=== What you should do ===
The data below must be returned in full and exactly.

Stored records
========================================================================

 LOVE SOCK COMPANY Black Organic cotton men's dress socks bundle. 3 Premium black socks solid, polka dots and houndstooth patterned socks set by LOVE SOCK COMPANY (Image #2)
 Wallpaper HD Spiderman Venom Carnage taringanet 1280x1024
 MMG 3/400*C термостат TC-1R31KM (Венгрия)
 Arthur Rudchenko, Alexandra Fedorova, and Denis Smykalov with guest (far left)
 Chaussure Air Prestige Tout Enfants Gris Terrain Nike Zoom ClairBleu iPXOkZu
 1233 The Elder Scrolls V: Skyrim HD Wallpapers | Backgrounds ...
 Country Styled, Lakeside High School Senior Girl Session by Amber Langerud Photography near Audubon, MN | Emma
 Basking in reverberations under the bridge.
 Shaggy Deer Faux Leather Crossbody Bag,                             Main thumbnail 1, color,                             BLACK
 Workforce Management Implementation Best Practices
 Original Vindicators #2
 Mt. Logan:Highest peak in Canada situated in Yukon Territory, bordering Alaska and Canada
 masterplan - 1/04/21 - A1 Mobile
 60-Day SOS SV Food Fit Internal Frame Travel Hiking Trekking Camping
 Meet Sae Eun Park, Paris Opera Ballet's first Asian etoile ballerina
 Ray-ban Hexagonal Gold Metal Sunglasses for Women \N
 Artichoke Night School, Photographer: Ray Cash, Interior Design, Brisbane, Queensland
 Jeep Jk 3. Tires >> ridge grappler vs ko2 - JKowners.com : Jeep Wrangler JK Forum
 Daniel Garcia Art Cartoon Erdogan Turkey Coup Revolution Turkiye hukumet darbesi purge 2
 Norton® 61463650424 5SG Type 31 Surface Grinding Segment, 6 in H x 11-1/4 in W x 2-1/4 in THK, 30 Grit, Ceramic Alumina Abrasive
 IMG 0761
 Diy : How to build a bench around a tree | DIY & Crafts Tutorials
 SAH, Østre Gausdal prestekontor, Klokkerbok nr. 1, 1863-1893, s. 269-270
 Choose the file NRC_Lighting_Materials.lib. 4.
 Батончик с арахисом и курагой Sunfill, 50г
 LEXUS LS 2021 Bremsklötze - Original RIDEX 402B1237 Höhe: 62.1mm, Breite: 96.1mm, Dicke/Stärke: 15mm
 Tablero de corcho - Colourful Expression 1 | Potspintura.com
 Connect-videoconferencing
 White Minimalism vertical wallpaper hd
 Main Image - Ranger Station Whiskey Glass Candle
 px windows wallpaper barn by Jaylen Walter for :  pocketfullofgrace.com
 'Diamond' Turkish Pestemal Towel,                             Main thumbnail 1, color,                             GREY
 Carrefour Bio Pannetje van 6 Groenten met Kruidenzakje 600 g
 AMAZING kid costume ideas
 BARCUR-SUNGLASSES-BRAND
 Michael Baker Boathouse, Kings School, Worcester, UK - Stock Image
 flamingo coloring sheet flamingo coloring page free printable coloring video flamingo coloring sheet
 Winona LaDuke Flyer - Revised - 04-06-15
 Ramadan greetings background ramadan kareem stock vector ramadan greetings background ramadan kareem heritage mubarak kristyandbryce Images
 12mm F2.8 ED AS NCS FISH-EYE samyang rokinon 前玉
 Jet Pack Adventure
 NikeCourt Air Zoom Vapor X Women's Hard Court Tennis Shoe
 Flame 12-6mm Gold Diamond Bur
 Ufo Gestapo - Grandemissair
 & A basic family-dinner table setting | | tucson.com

========================================================================

=== Finished task ===
 LOVE SOCK COMPANY Black Organic cotton men's dress socks bundle. 3 Premium black socks solid, polka dots and houndstooth patterned socks set by LOVE SOCK COMPANY (Image #2)
 Wallpaper HD Spiderman Venom Carnage taringanet 1280x1024
 MMG 3/400*C термостат TC-1R31KM (Венгрия)
 Arthur Rudchenko, Alexandra Fedorova, and Denis Smykalov with guest (far left)
 Chaussure Air Prestige Tout Enfants Gris Terrain Nike Zoom ClairBleu iPXOkZu
 1233 The Elder Scrolls V: Skyrim HD Wallpapers | Backgrounds ...
 Country Styled, Lakeside High School Senior Girl Session by Amber Langerud Photography near Audubon, MN | Emma
 Basking in reverberations under the bridge.
 Shaggy Deer Faux Leather Crossbody Bag,                             Main thumbnail 1, color,                             BLACK
 Workforce Management Implementation Best Practices
 Original Vindicators #2
 Mt. Logan:Highest peak in Canada situated in Yukon Territory, bordering Alaska and Canada
 masterplan - 1/04/21 - A1 Mobile
 60-Day SOS SV Food Fit Internal Frame Travel Hiking Trekking Camping
 Meet Sae Eun Park, Paris Opera Ballet's first Asian etoile ballerina
 Ray-ban Hexagonal Gold Metal Sunglasses for Women \N
 Artichoke Night School, Photographer: Ray Cash, Interior Design, Brisbane, Queensland
 Jeep Jk 3. Tires >> ridge grappler vs ko2 - JKowners.com : Jeep Wrangler JK Forum
 Daniel Garcia Art Cartoon Erdogan Turkey Coup Revolution Turkiye hukumet darbesi purge 2
 Norton® 61463650424 5SG Type 31 Surface Grinding Segment, 6 in H x 11-1/4 in W x 2-1/4 in THK, 30 Grit, Ceramic Alumina Abrasive
 IMG 0761
 Diy : How to build a bench around a tree | DIY & Crafts Tutorials
 SAH, Østre Gausdal prestekontor, Klokkerbok nr. 1, 1863-1893, s. 269-270
 Choose the file NRC_Lighting_Materials.lib. 4.
 Батончик с арахисом и курагой Sunfill, 50г
 LEXUS LS 2021 Bremsklötze - Original RIDEX 402B1237 Höhe: 62.1mm, Breite: 96.1mm, Dicke/Stärke: 15mm
 Tablero de corcho - Colourful Expression 1 | Potspintura.com
 Connect-videoconferencing
 White Minimalism vertical wallpaper hd
 Main Image - Ranger Station Whiskey Glass Candle
 px windows wallpaper barn by Jaylen Walter for :  pocketfullofgrace.com
 'Diamond' Turkish Pestemal Towel,                             Main thumbnail 1, color,                             GREY
 Carrefour Bio Pannetje van 6 Groenten met Kruidenzakje 600 g
 AMAZING kid costume ideas
 BARCUR-SUNGLASSES-BRAND
 Michael Baker Boathouse, Kings School, Worcester, UK - Stock Image
 flamingo coloring sheet flamingo coloring page free printable coloring video flamingo coloring sheet
 Winona LaDuke Flyer - Revised - 04-06-15
 Ramadan greetings background ramadan kareem stock vector ramadan greetings background ramadan kareem heritage mubarak kristyandbryce Images
 12mm F2.8 ED AS NCS FISH-EYE samyang rokinon 前玉
 Jet Pack Adventure
 NikeCourt Air Zoom Vapor X Women's Hard Court Tennis Shoe
 Flame 12-6mm Gold Diamond Bur
 Ufo Gestapo - Grandemissair
 & A basic family-dinner table setting | | tucson.com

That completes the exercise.